Dott. RAMACCI Luca – Presidente

Dott. SOCCI Angelo M. – rel. Consigliere

Dott. ANDREAZZA Gastone – Consigliere

Dott. DI STASI Antonella – Consigliere

Dott. CIRIELLO Antonella – Consigliere

ha pronunciato la seguente:

SENTENZA

sul ricorso proposto da:

(OMISSIS) nato il (OMISSIS);

avverso la sentenza del 14/05/2015 della CORTE APPELLO di FIRENZE;

visti gli atti, il provvedimento impugnato e il ricorso;

udita in PUBBLICA UDIENZA del 28/03/2017, la relazione svolta dal Consigliere ANGELO MATTEO SOCCI;

Udito il Procuratore Generale in persona del dott. STEFANO TOCCI che ha concluso per: “Inammissibilita’ del ricorso”;

sentito il difensore dell’imputato, Avv. (OMISSIS), che ha concluso per: “Accoglimento del ricorso”.

RITENUTO IN FATTO

1. La Corte d’Appello di Firenze con sentenza del 14 maggio 2015 confermava la decisione del Tribunale di Grosseto dell’8 marzo 2013 che aveva condannato (OMISSIS) alla pena di mesi 5 e giorni 10 di reclusione, oltre pene accessorie, per il reato di cui all’articolo 110 c.p., e L. n. 401 del 1989, articolo 6 bis, perche’ in concorso con un altro all’interno dello stadio Comunale (OMISSIS) durante le fasi dell’incontro di calcio (OMISSIS), ponevano in essere l’accensione di strumenti per l’emissione di fumo, che successivamente lanciavano in direzione del campo di gioco.

2. L’imputato propone ricorso per Cassazione, personalmente, deducendo i motivi di seguito enunciati, nei limiti strettamente necessari per la motivazione, come disposto dall’articolo 173 disp. att. c.p.p., comma 1.

2.1. Violazione di legge, L. n. 401 del 1989, articolo 6 bis, articoli 40, 43 e 110 c.p., e articoli 187, 192, 546, 530 e 533 c.p.p..

La L. n. 401 del 1989, articolo 6 bis, punisce chi in occasioni delle manifestazioni sportive lancia o utilizza in modo da creare un concreto pericolo per le persone strumenti per l’emissione di fumo.
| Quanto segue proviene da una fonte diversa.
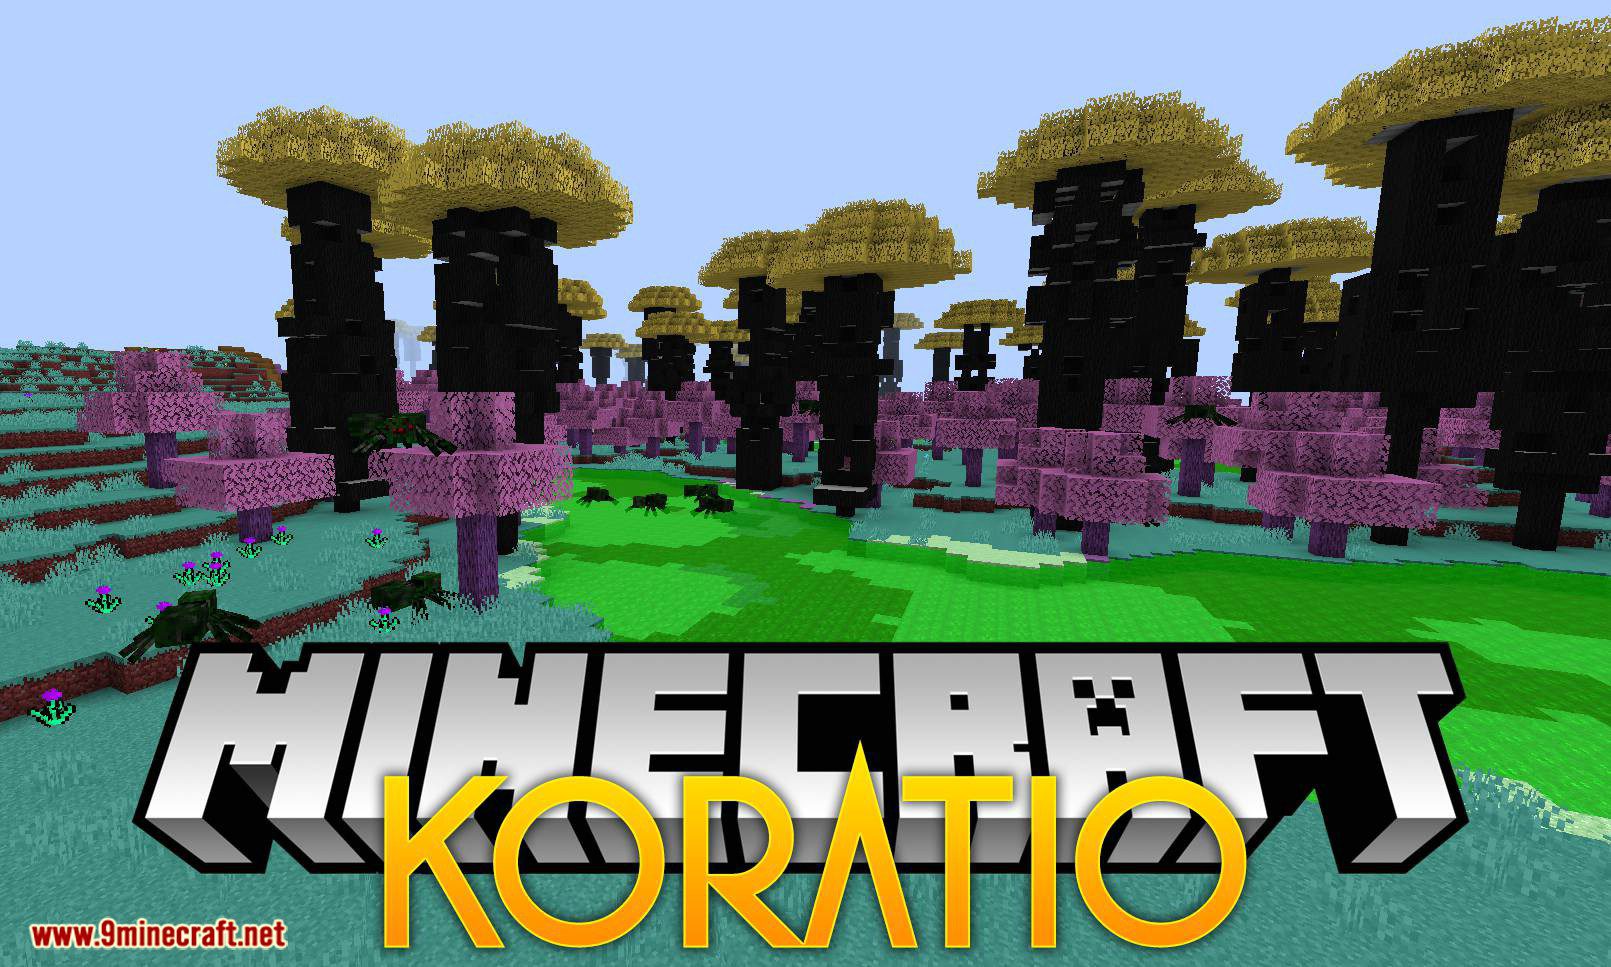 Koratio mod for minecraft logo

Il ricorrente si e’ limitato in occasione di un goal ad accendere un fumogeno senza generare pericolo alcuno e senza mai lanciarlo, mettendolo attentamente a terra. Altra persona dopo 5 minuti ha raccolto e lanciato il fumogeno. Nessun rischio per le persone e’ avvenuto con l’azione dell’accensione e del poggiare a terra il fumogeno.

La sentenza impugnata, unitamente a quella di primo grado rilevano un concorso del ricorrente nel lancio del fumogeno. Il ricorrente non si e’ mai celato, ma ha solo acceso il fumogeno dietro uno striscione per ripararsi dal vento. Tra il ricorrente e chi ha poi lanciato il fumogeno non sussiste nessuna relazione. Nessuna prova dimostra un piano concordato tra il ricorrente e chi ha lanciato il fumogeno.

2.2. Vizio di motivazione, mancanza, contraddittorieta’ e manifesta illogicita’.

La Corte di appello ritiene che tra il ricorrente e chi poi ha lanciato il fumogeno ci fosse un’intesa, ma non indica da quali fonti probatorie si rileverebbe tale intesa.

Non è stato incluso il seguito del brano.